━━ Data provided ━━

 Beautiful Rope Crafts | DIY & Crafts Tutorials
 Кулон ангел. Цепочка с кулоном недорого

━━━
━━ Data provided ━━

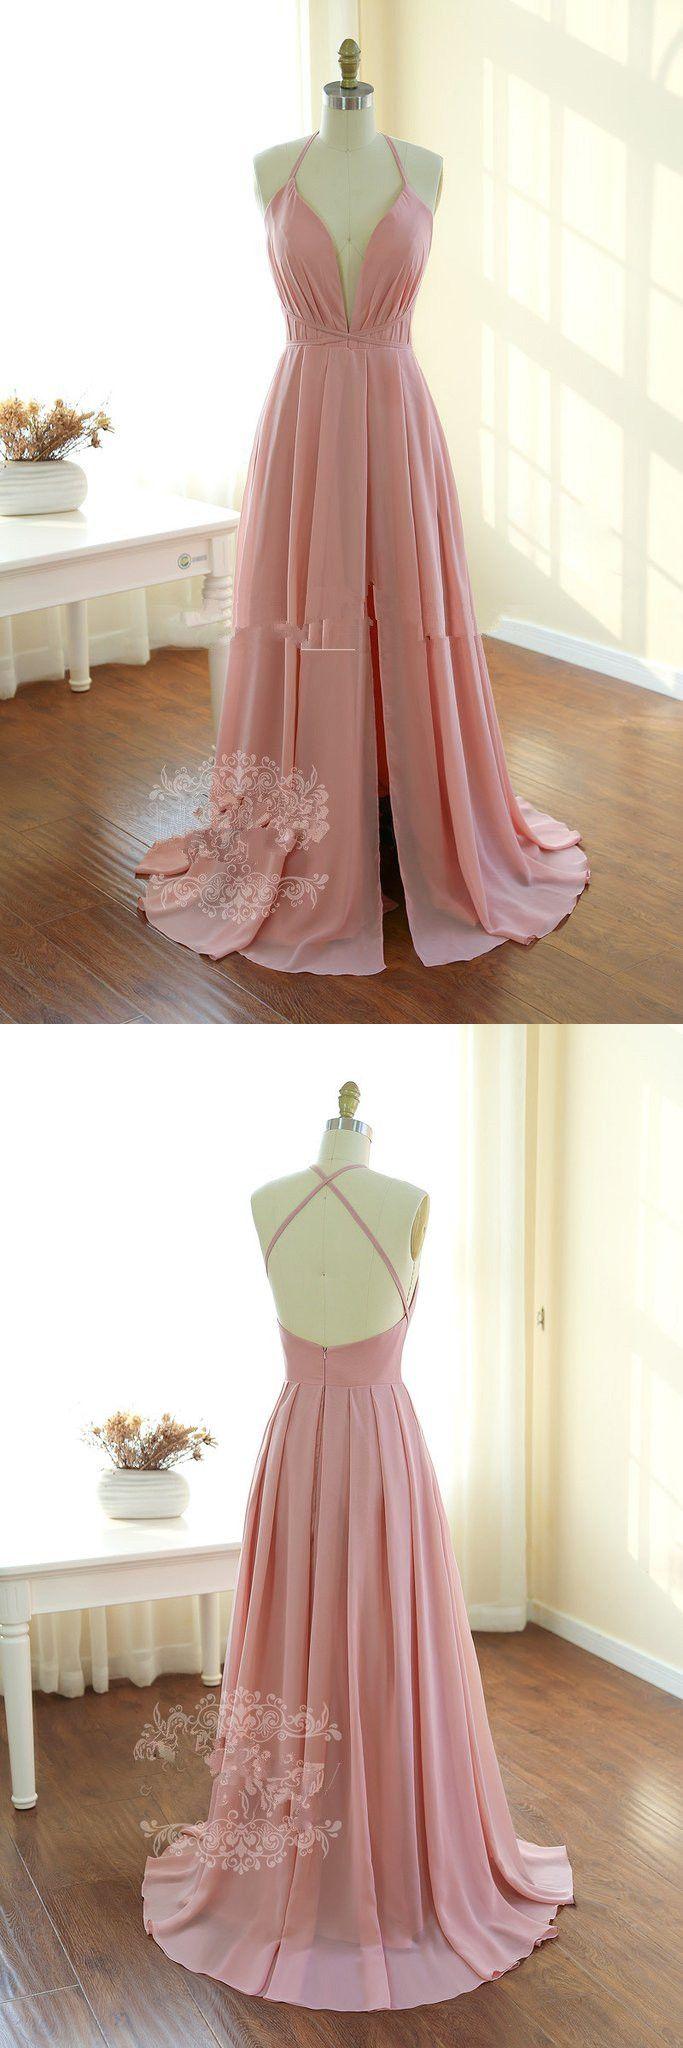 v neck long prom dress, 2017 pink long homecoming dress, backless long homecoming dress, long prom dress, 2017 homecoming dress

━━━

__Aim of the task__: Where the line holding "Beautiful Rope Crafts" appears in the listing above, start reproducing exactly, and end with the line holding "Кулон ангел. Цепочка с кулоном недорого".

__Output__:
 Beautiful Rope Crafts | DIY & Crafts Tutorials
 Кулон ангел. Цепочка с кулоном недорого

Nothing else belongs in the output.